> TASK DIRECTIONS:
Give all of the data again exactly as written, omitting every image.

> RECORDED DATA:
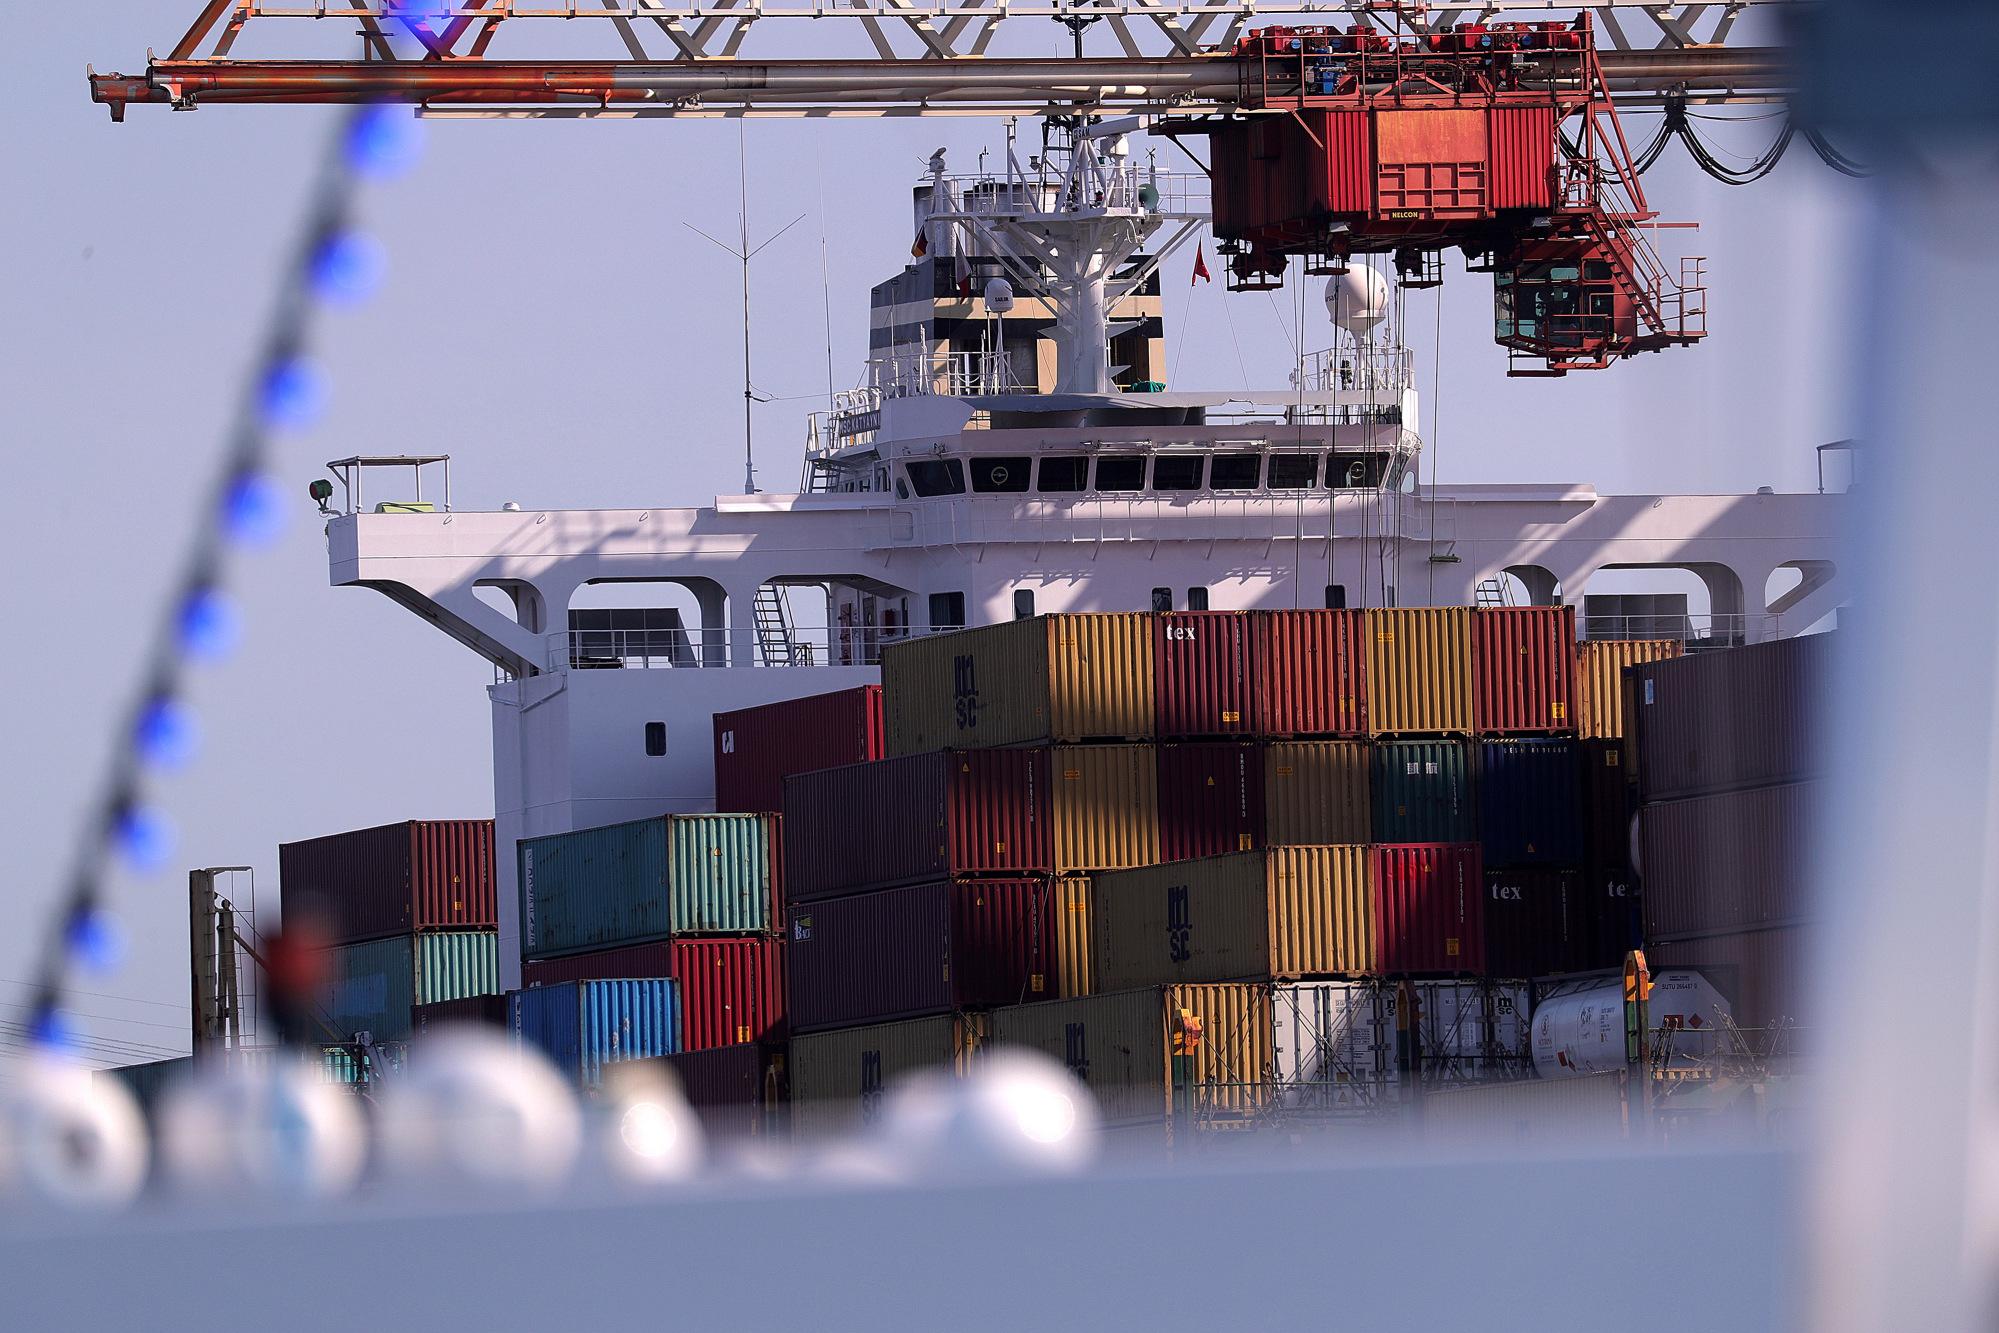 9eca7c0e1a0e6 EU Braces for a Trans-Atlantic Trade War - Bloomberg
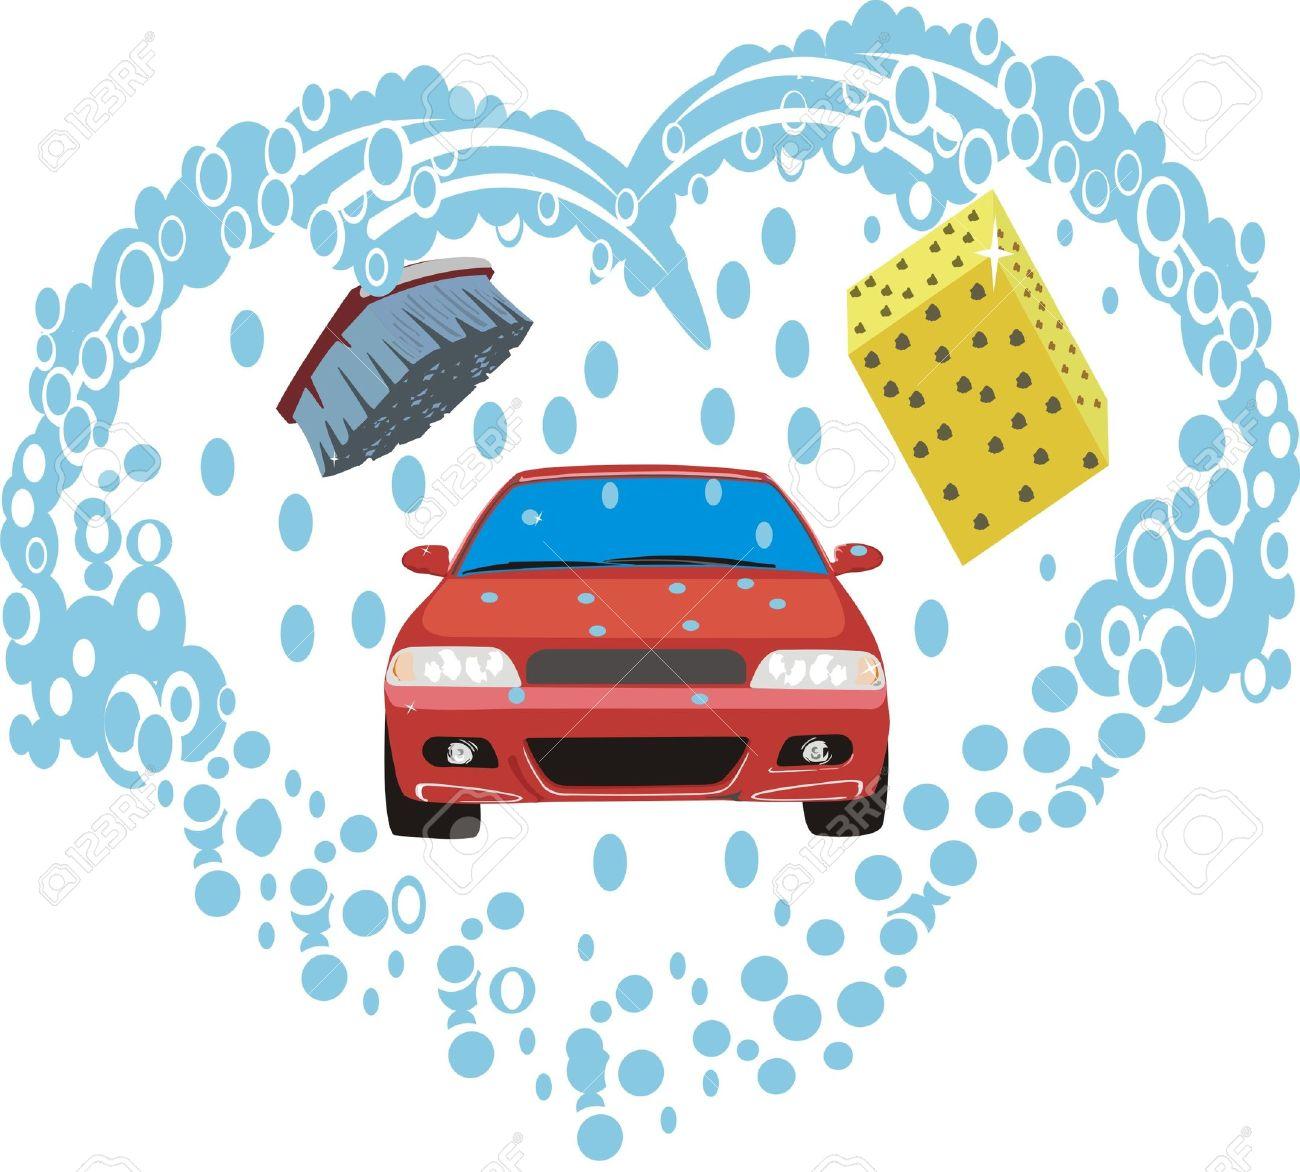 Car washing clipart image free download Water car wash clipart - ClipartFest image free download
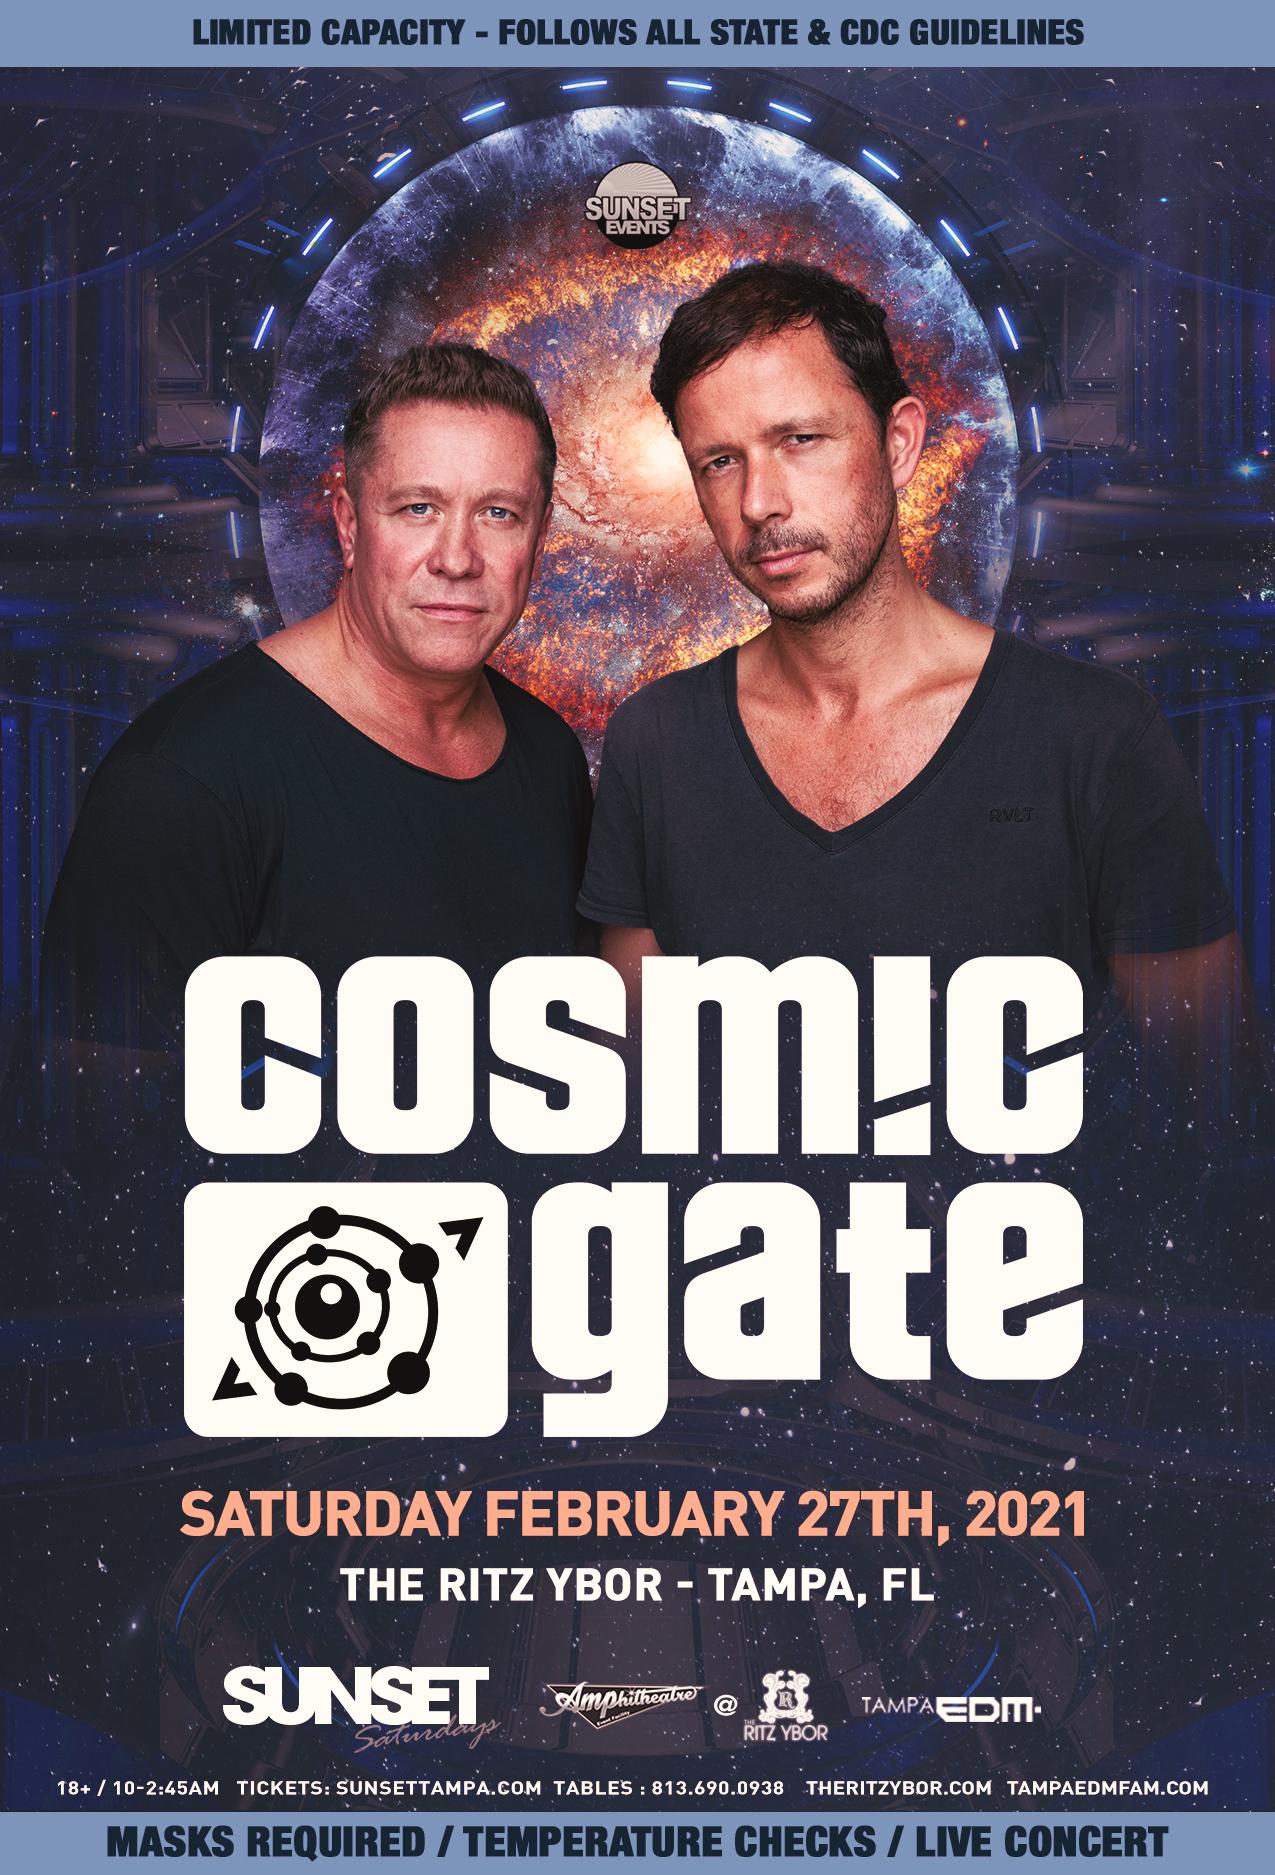 Cosmic Gate for Sunset Saturdays at The RITZ Ybor – 2/27/2021

> ANSWER BOX:
 9eca7c0e1a0e6 EU Braces for a Trans-Atlantic Trade War - Bloomberg
 Car washing clipart image free download Water car wash clipart - ClipartFest image free download
 Cosmic Gate for Sunset Saturdays at The RITZ Ybor – 2/27/2021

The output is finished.